_Exercise prompt_:
Repeat nothing but the lines below running from the one containing "Find Me Now Dakota Ribbed Short - Yellow" to the one containing "5G-Millimeter-Wave-Testbed, 26 GHz". Keep both end lines.

Provided records Start Marker

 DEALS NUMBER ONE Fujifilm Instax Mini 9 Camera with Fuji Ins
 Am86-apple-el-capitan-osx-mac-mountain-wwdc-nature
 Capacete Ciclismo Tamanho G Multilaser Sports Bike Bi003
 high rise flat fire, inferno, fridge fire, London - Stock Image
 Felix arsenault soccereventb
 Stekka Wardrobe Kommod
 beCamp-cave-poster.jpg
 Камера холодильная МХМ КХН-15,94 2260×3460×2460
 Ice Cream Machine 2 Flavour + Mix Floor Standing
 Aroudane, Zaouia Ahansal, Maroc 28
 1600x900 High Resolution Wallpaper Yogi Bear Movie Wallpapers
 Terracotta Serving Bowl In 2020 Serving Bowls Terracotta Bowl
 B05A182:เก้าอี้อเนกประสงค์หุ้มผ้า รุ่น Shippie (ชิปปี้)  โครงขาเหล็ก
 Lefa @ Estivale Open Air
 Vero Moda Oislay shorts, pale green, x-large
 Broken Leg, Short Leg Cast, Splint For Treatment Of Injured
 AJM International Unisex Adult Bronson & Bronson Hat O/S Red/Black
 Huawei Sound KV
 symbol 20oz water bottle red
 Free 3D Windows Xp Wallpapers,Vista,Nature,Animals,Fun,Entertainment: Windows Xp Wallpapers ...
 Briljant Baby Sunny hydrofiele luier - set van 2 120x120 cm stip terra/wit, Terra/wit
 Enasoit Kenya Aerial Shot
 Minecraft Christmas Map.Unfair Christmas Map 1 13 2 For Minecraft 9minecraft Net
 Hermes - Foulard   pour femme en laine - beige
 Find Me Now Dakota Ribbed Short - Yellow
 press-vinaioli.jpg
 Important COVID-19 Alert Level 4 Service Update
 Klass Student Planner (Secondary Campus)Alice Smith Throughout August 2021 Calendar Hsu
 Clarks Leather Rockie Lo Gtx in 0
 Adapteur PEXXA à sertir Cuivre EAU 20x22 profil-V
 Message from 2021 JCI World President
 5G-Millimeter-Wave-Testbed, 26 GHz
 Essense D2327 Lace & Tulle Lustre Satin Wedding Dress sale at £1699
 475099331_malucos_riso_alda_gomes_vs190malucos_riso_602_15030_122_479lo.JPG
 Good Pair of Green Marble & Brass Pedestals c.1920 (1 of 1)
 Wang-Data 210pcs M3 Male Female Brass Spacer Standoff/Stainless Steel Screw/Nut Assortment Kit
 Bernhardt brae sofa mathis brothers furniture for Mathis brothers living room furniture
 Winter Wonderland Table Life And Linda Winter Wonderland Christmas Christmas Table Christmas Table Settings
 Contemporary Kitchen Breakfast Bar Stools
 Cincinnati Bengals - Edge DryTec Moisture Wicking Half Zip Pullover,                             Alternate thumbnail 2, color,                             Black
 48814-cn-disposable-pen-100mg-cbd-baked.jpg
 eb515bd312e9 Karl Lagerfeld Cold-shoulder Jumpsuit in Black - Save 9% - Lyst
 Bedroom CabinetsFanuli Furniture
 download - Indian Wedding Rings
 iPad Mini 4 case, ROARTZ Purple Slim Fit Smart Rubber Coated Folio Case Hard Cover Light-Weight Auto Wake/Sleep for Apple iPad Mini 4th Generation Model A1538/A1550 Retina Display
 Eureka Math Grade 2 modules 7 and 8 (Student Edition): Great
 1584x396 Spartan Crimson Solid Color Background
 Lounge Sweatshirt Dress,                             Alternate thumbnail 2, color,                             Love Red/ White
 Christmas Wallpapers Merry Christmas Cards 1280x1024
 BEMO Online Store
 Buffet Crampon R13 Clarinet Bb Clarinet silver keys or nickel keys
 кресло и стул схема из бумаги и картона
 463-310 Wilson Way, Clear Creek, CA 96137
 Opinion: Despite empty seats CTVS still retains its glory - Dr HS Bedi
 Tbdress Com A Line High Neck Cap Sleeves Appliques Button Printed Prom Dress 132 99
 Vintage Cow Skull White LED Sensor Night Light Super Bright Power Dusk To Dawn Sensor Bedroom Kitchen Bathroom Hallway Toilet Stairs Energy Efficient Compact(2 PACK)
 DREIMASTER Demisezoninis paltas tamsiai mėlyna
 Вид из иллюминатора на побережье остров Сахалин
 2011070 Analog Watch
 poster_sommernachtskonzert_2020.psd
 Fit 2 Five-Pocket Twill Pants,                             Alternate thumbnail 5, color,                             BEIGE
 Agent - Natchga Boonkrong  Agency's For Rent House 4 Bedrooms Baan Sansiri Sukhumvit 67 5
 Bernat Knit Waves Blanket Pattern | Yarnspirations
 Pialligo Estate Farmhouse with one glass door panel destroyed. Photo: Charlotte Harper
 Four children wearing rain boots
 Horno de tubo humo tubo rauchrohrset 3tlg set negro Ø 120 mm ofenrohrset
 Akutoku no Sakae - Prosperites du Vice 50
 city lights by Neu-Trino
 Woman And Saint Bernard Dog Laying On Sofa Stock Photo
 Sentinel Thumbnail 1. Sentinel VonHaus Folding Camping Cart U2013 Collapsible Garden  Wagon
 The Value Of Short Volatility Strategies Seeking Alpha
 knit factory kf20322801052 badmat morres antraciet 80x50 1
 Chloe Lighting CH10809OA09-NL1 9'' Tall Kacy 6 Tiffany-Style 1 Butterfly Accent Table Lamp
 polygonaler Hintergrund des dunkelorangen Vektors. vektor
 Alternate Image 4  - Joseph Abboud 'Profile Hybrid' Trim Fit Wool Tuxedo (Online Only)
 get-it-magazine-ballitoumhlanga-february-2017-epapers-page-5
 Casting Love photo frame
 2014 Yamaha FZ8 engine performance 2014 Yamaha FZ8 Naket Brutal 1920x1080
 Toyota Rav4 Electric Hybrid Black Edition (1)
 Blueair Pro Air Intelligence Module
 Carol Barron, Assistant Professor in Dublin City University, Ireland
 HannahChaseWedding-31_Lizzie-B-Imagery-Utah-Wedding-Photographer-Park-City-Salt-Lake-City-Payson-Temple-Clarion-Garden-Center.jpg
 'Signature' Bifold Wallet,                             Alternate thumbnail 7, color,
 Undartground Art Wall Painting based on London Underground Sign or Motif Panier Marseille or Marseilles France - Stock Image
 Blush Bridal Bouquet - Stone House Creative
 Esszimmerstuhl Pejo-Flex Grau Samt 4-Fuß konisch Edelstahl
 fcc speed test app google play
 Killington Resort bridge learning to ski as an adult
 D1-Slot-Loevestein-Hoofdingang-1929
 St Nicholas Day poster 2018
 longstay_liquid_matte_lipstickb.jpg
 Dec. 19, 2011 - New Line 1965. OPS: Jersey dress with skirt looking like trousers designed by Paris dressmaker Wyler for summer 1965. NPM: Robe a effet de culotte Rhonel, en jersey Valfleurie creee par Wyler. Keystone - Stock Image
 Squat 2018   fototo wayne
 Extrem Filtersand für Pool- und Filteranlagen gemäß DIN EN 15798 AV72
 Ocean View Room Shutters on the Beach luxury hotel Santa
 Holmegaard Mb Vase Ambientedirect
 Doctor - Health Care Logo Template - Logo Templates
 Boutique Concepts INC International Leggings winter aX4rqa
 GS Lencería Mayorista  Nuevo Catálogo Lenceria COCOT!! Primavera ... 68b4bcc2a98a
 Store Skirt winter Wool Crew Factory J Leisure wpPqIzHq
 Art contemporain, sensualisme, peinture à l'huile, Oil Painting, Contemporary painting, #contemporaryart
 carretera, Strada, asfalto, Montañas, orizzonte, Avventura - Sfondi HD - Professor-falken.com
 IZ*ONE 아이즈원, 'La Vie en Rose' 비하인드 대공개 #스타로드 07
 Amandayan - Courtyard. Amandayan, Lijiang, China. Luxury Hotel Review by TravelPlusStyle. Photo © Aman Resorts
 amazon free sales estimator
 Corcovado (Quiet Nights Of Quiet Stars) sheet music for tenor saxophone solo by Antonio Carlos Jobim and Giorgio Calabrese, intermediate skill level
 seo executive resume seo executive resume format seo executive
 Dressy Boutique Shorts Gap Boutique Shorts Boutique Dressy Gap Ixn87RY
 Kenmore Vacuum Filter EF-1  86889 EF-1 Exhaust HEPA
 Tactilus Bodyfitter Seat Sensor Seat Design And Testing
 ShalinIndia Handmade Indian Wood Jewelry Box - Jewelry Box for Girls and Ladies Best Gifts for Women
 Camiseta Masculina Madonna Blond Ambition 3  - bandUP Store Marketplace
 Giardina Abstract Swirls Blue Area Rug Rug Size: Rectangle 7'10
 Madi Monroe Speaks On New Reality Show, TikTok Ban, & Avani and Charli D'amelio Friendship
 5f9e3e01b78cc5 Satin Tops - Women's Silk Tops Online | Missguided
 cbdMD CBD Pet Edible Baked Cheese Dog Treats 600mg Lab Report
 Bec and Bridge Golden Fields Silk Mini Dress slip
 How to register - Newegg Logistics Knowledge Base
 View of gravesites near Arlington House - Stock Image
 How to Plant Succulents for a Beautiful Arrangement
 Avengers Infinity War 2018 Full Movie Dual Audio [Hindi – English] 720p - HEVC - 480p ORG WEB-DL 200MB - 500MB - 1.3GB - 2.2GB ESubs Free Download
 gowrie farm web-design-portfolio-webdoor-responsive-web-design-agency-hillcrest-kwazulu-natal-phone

Provided records End Marker

_Problem solution_:
 Find Me Now Dakota Ribbed Short - Yellow
 press-vinaioli.jpg
 Important COVID-19 Alert Level 4 Service Update
 Klass Student Planner (Secondary Campus)Alice Smith Throughout August 2021 Calendar Hsu
 Clarks Leather Rockie Lo Gtx in 0
 Adapteur PEXXA à sertir Cuivre EAU 20x22 profil-V
 Message from 2021 JCI World President
 5G-Millimeter-Wave-Testbed, 26 GHz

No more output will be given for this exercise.